_DATA EXTRACTS_
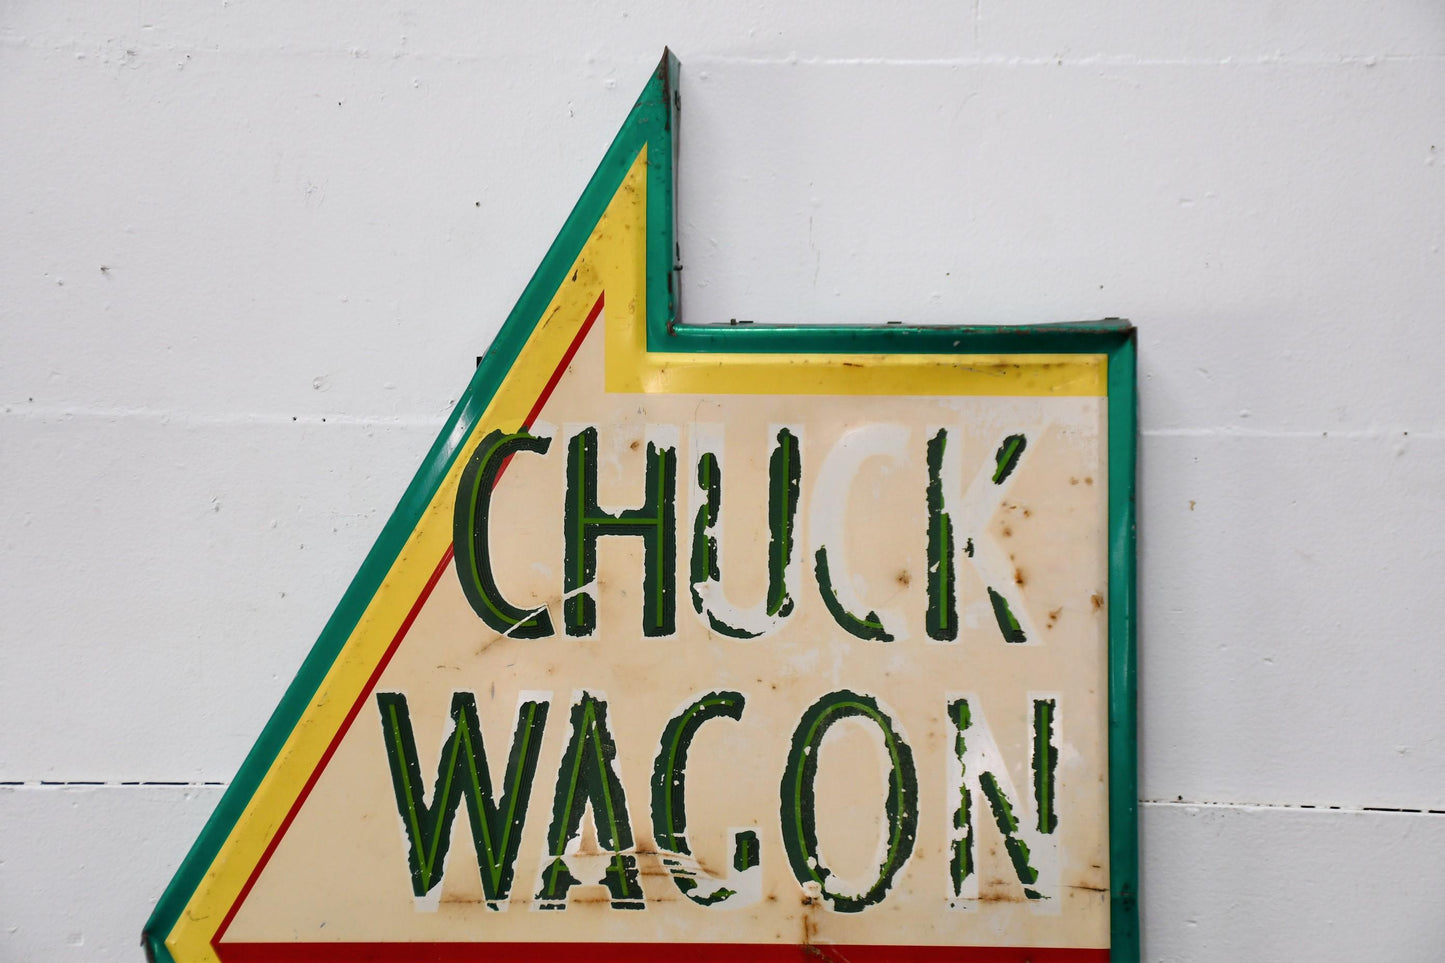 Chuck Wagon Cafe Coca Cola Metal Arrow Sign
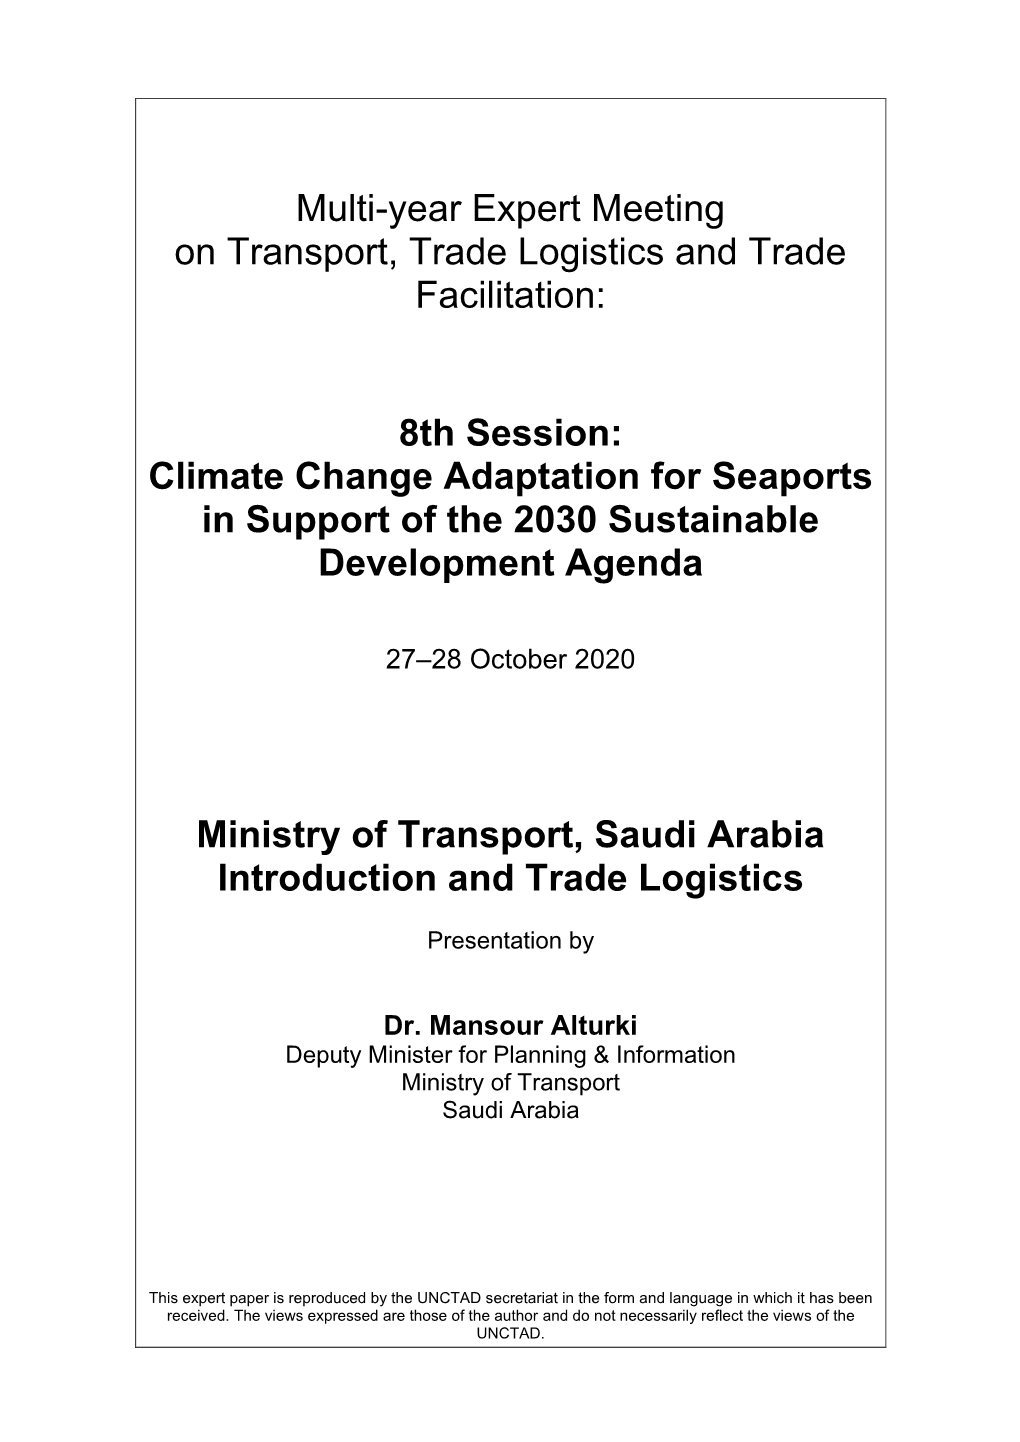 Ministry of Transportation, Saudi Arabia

---

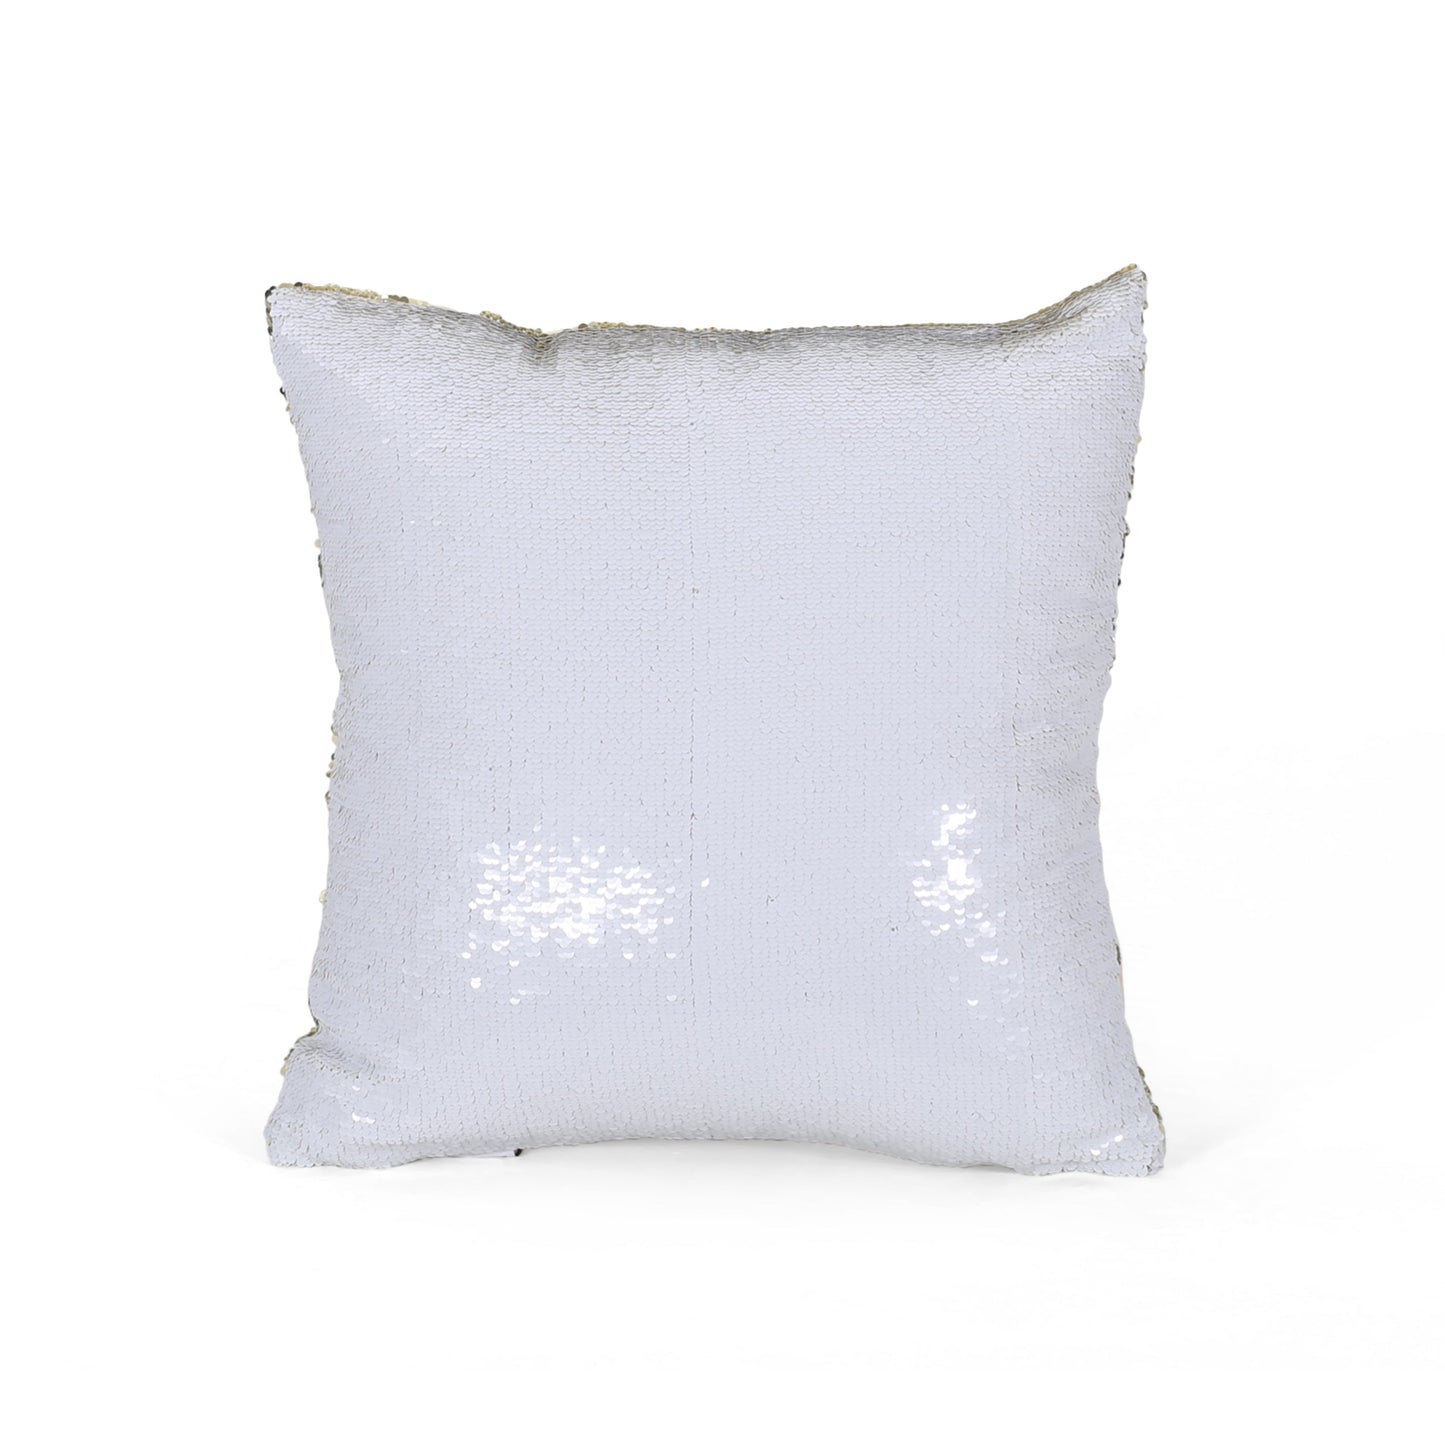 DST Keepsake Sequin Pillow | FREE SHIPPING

_TASK REQUIREMENTS_
For this exercise, return exactly the lines above from the line with "Chuck Wagon Cafe Coca Cola Metal Arrow Sign" through the line with "Ministry of Transportation, Saudi Arabia", both included. Do not copy the pictures.

_ANSWER BOX_
 Chuck Wagon Cafe Coca Cola Metal Arrow Sign
 Ministry of Transportation, Saudi Arabia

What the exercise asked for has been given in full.